Lead Investigator, Clinical Development/Operations
PostEra is building a modern, 21st-century biopharma. We use Proton, our AI platform for medicinal chemistry, to accelerate the discovery of new medicines for patients. PostEra is advancing an internal pipeline focused on Women’s Health and Reproductive Medicine while also advancing small-molecule programs through partnerships with biopharma. We've closed over $1Bn in AI partnerships, including four multi-year agreements with Pfizer and Amgen.We’ve also been an active participant in open-science projects, leading a $68M antiviral drug discovery center for pandemic preparedness, which followed on from the success of COVID Moonshot, the world’s largest open-science initiative to develop a COVID antiviral.

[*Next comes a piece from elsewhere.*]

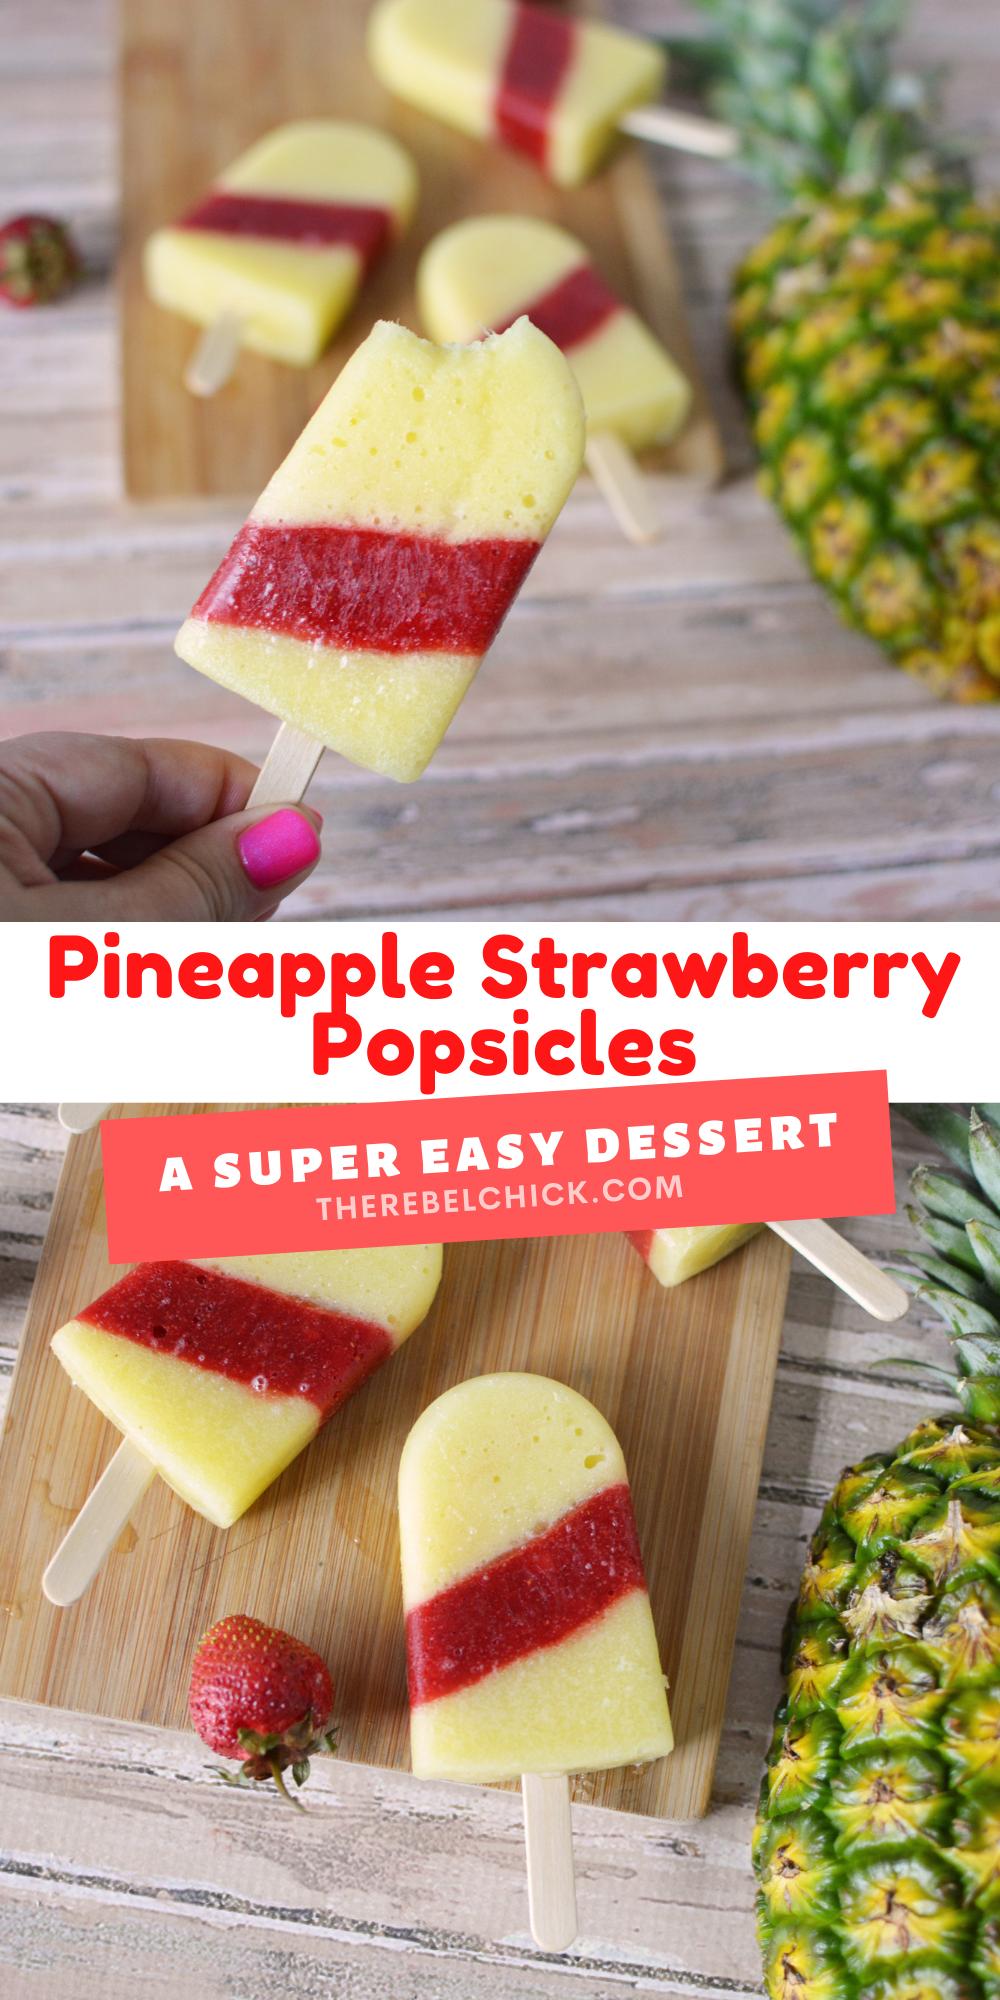 Pineapple Strawberry Popsicles Recipe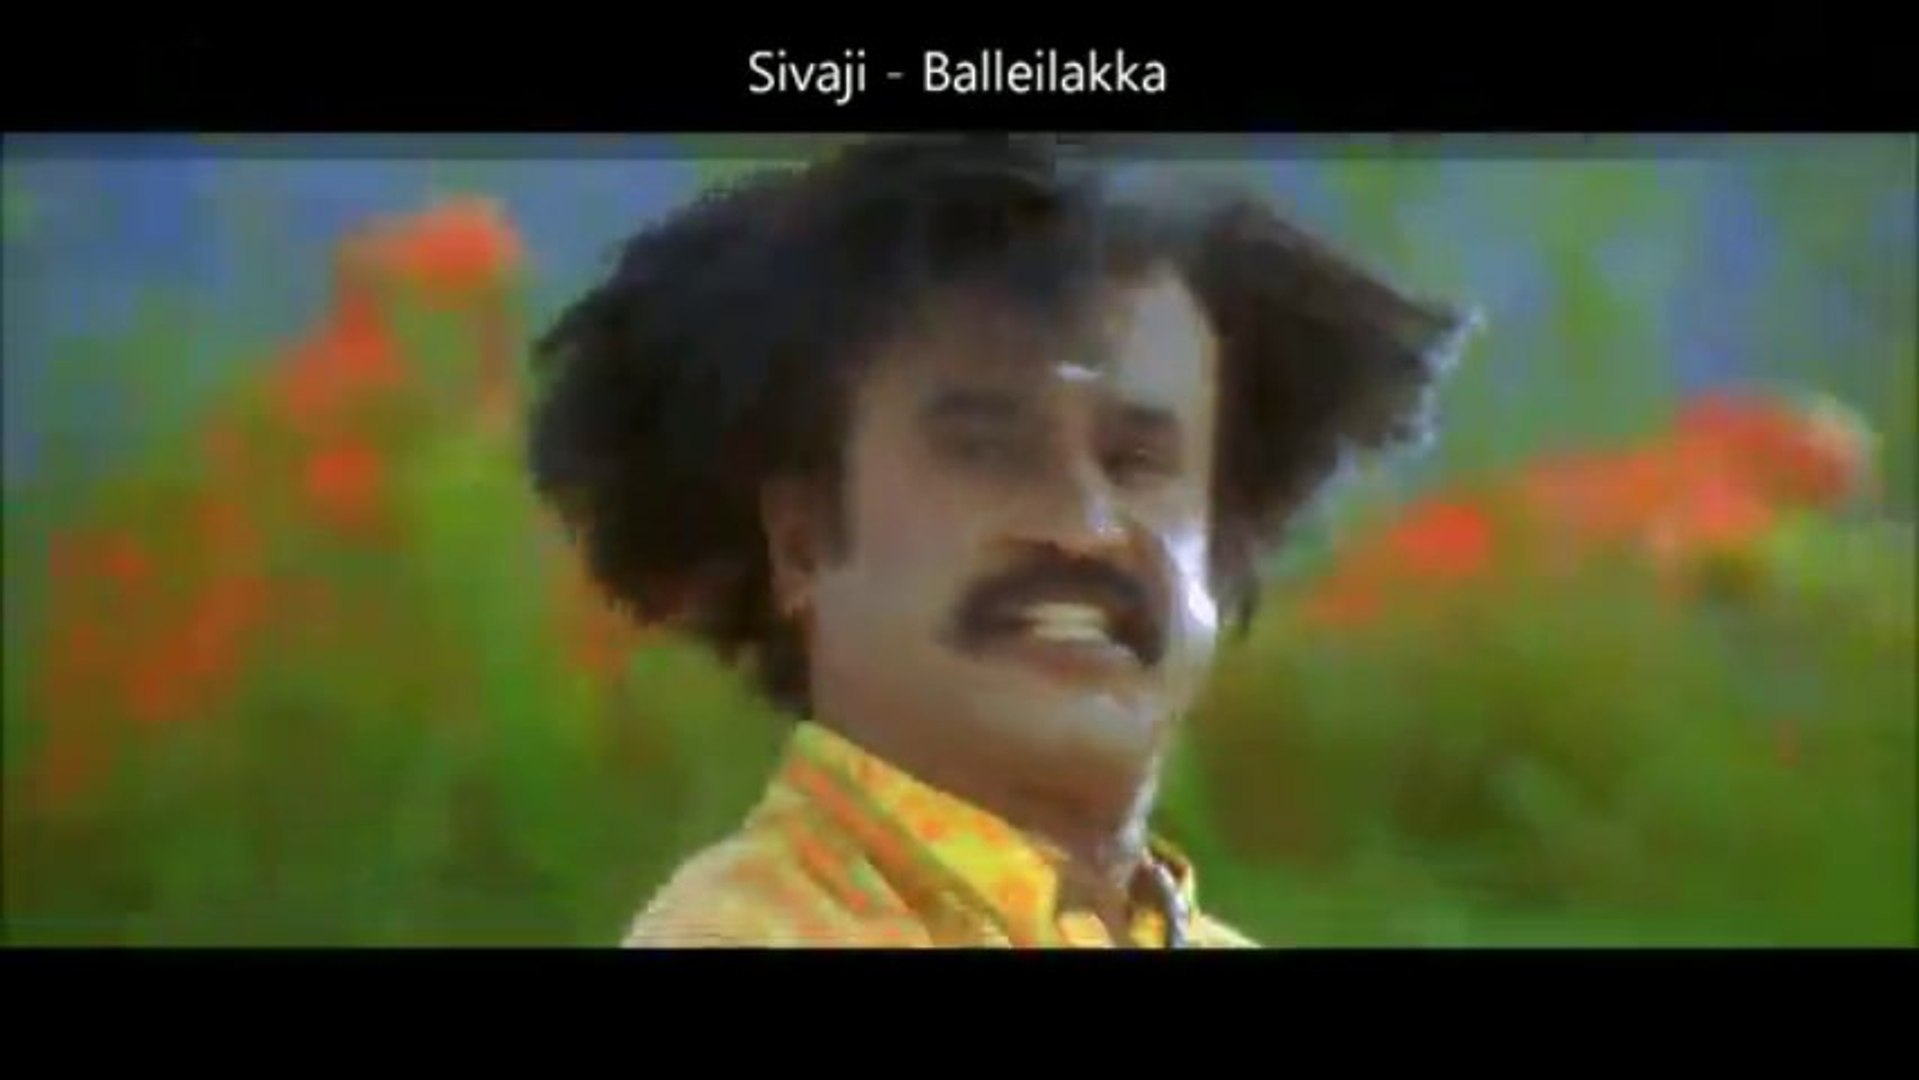 Sivaji - Balleilakka Tamil Video Song

PostEra's Organizational Structure:
· We believe time spent navigating complex hierarchies in organizations is better invested in the pursuit of novel technology and scientific discoveries. As such, our organizational structure is intentionally minimalist. · We promote a culture where individual achievement is celebrated through proportional compensation and internal recognition, including meaningful promotions.· Ultimately, our collective focus is delivering cures to patients, which we believe needs a huge amount of cross-disciplinary collaboration, so we've fitted our organizational structure to serve that end.What you would do
- Lead end-to-end planning and operational execution of PostEra’s early-phase clinical trials.
- Collaborate with internal and external teams across Regulatory, CMC, Preclinical, and Translational Medicine to ensure trial readiness.
- Manage timelines, budgets, trial site selection, and study activities.
- Oversee CROs, vendors, and consultants to ensure high-quality trial conduct.
- Serve as the operational point person across clinical development activities.
- Translate the scientific strategy into executable trial designs and operational plans.
Experience and skills you should have
- 15+ years of experience in Clinical Operations/Clinical Development.
- Demonstrated ability to manage complex timelines, trial designs, and regulatory documentation.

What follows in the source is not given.